§ Provided material
'''

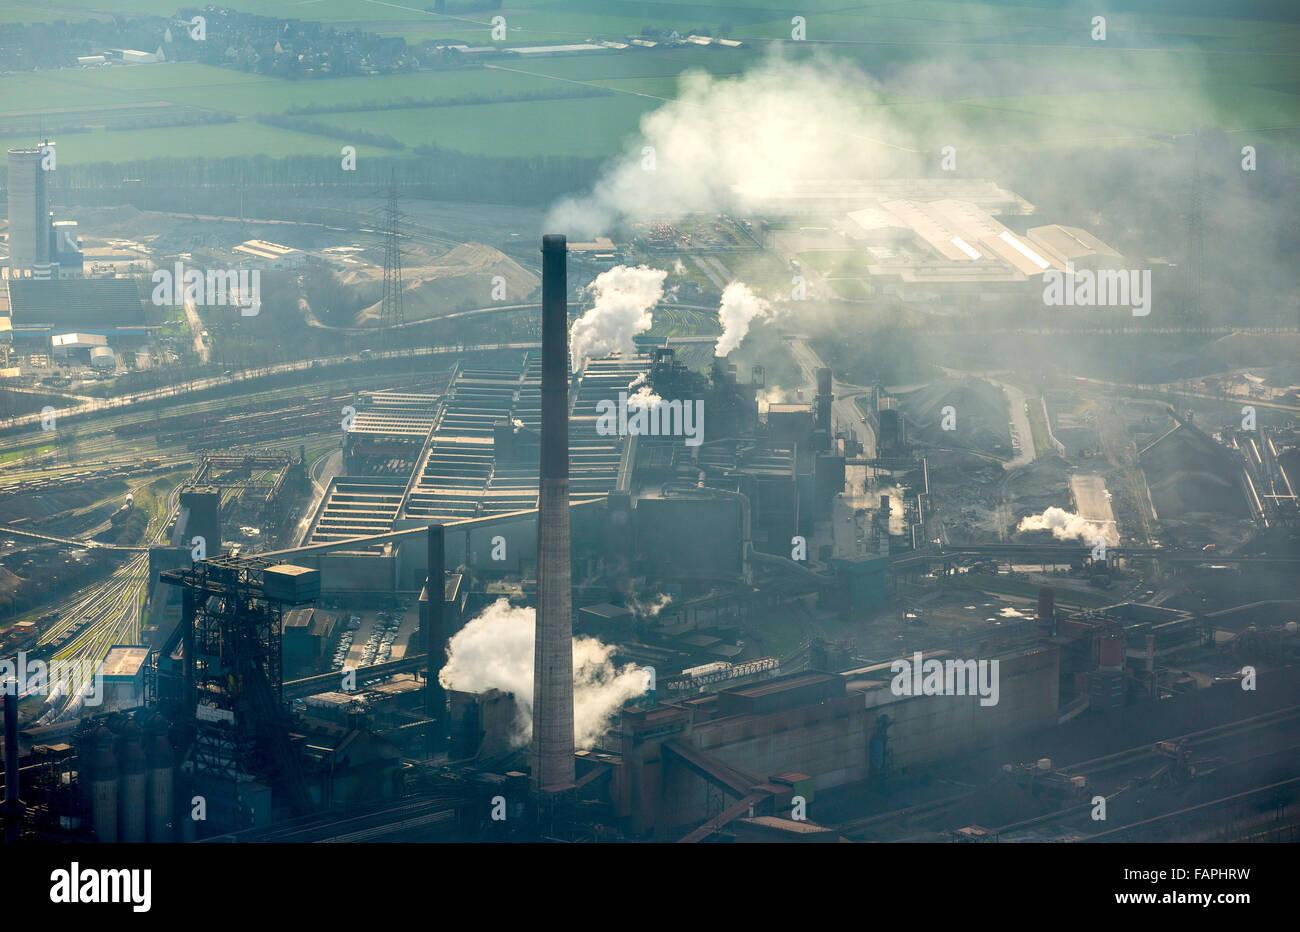 Aerial view, steelworks HKM am Rhein, steelworks Krupp-Mannesmann, Huckingen, smoking chimneys, coking, industrial - Stock Image
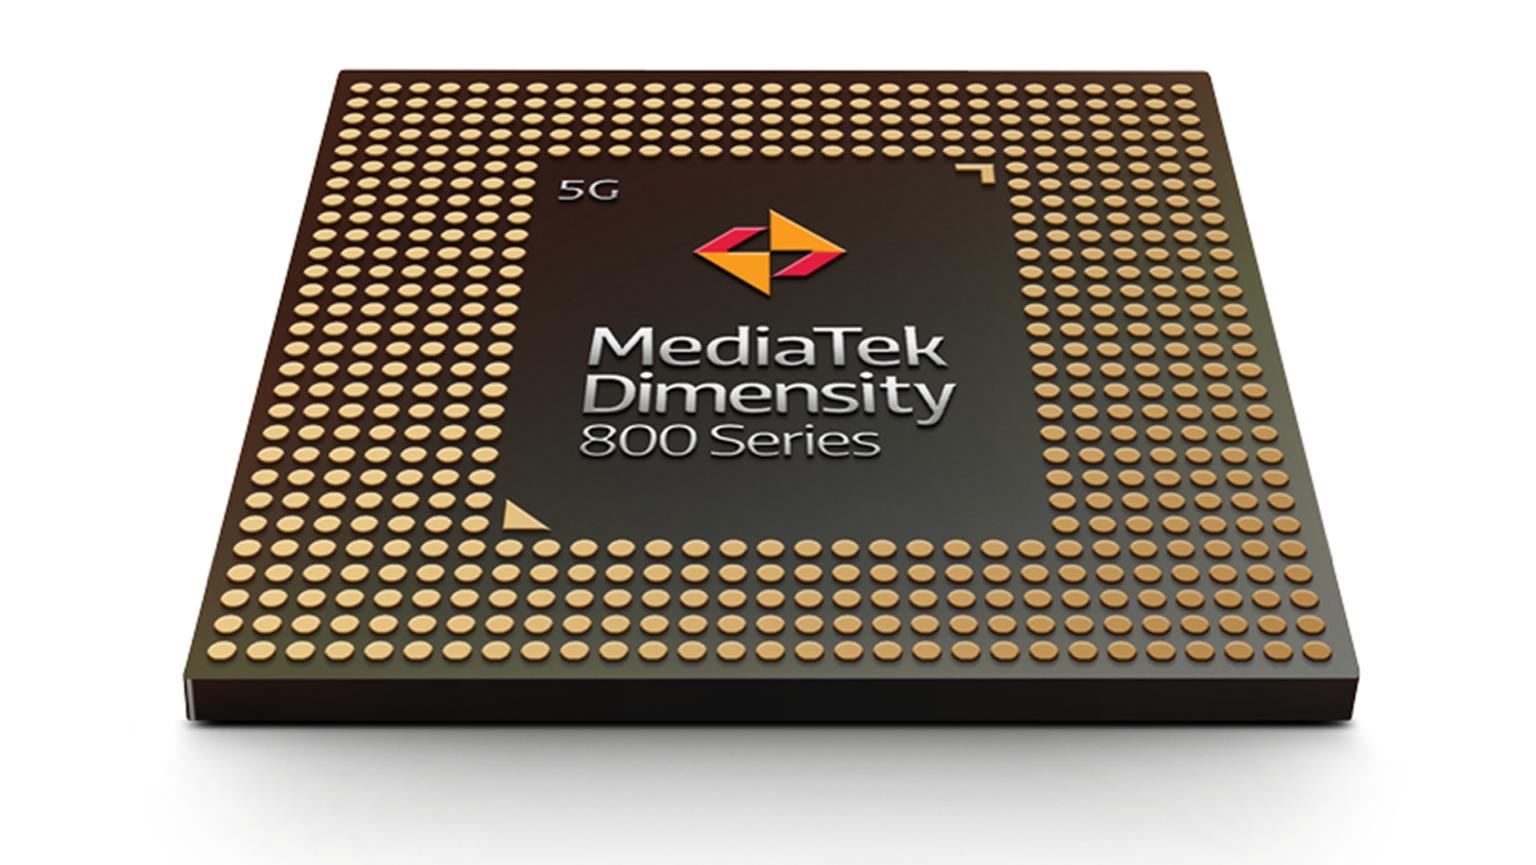 Dimensity 800 processor
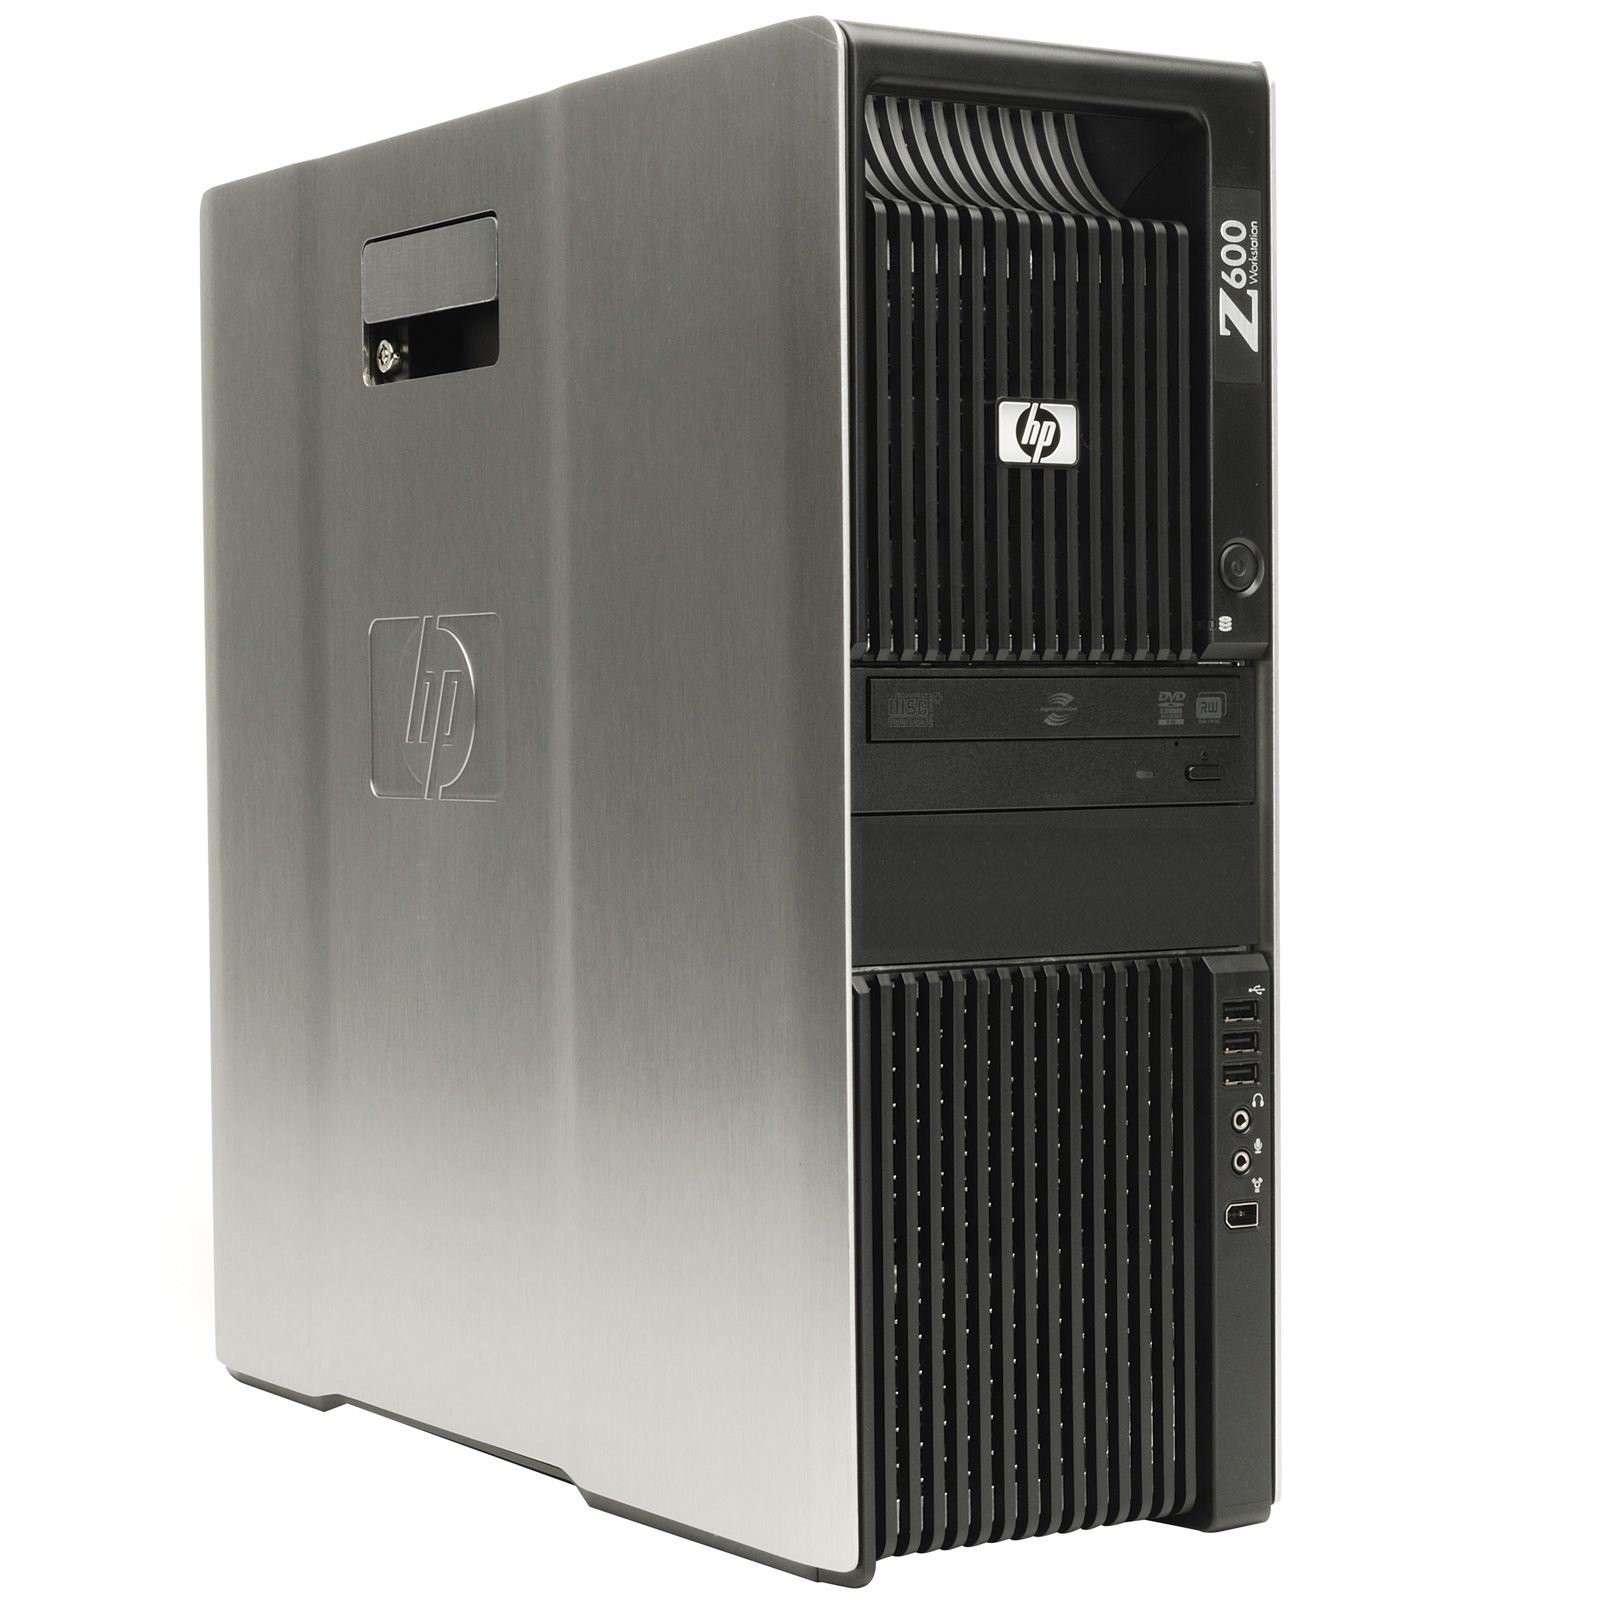 HP Z600 Workstation 2x Intel Xeon X5650 2x 500GB Sata 24GB Speicher Win 10 Pro
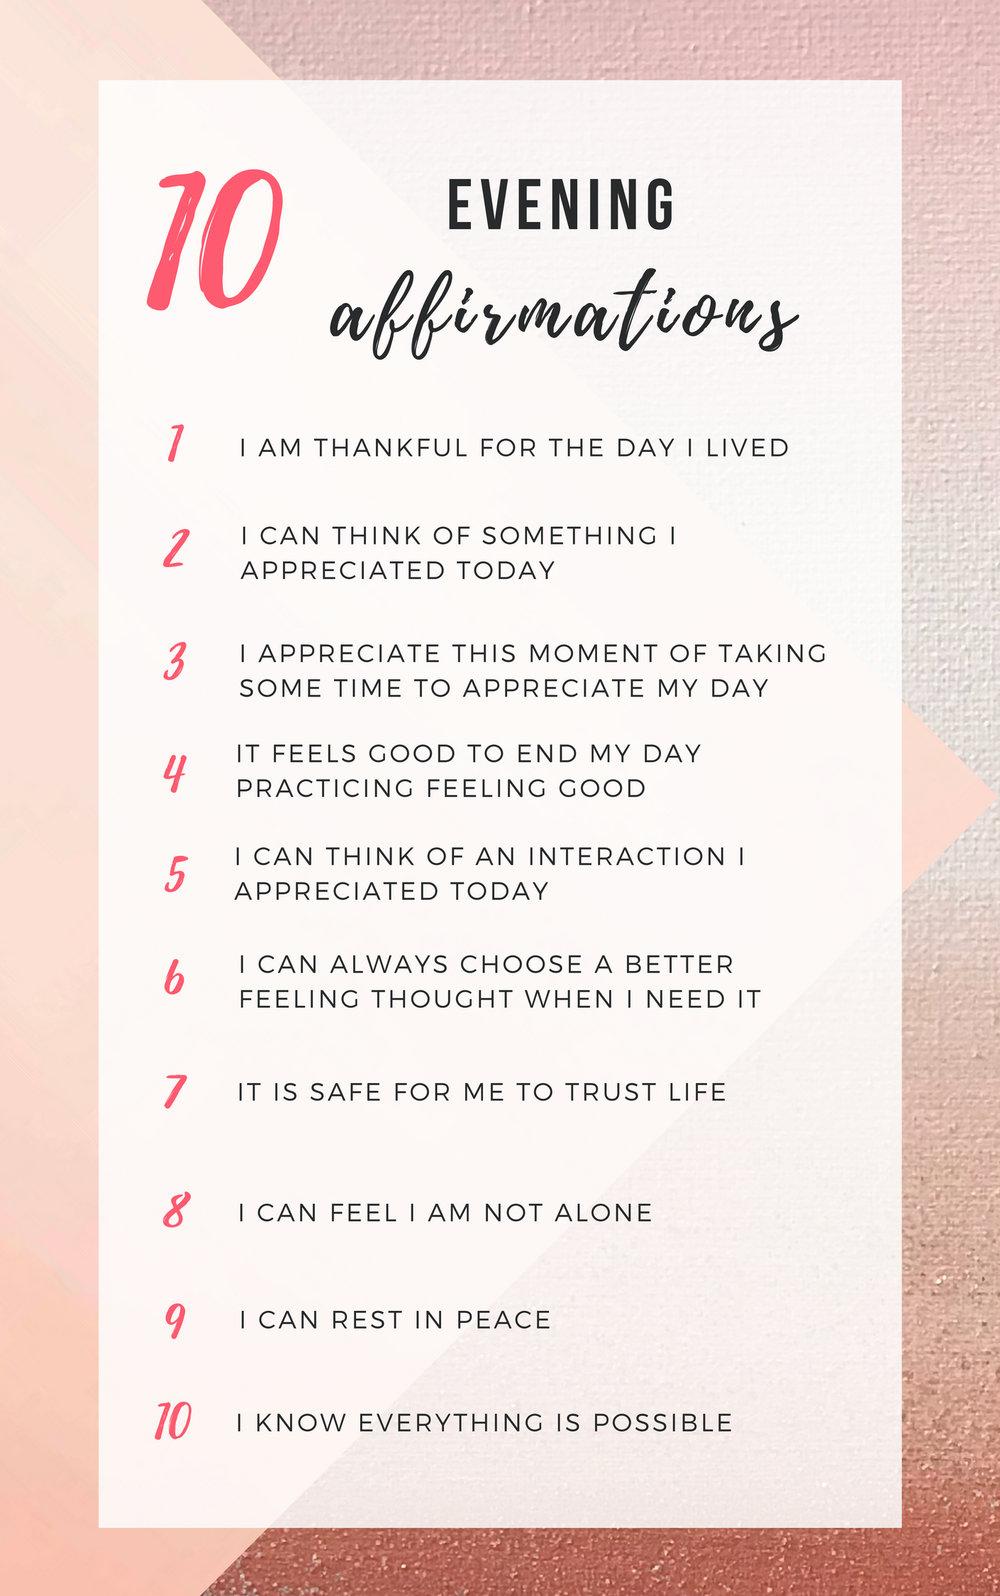 10 evening positive affirmations.com.jpg

'''

§ Assignment
Please return the lines above exactly, with the pictures omitted.

§ Answer to the problem
 Aerial view, steelworks HKM am Rhein, steelworks Krupp-Mannesmann, Huckingen, smoking chimneys, coking, industrial - Stock Image
 Dimensity 800 processor
 HP Z600 Workstation 2x Intel Xeon X5650 2x 500GB Sata 24GB Speicher Win 10 Pro
 10 evening positive affirmations.com.jpg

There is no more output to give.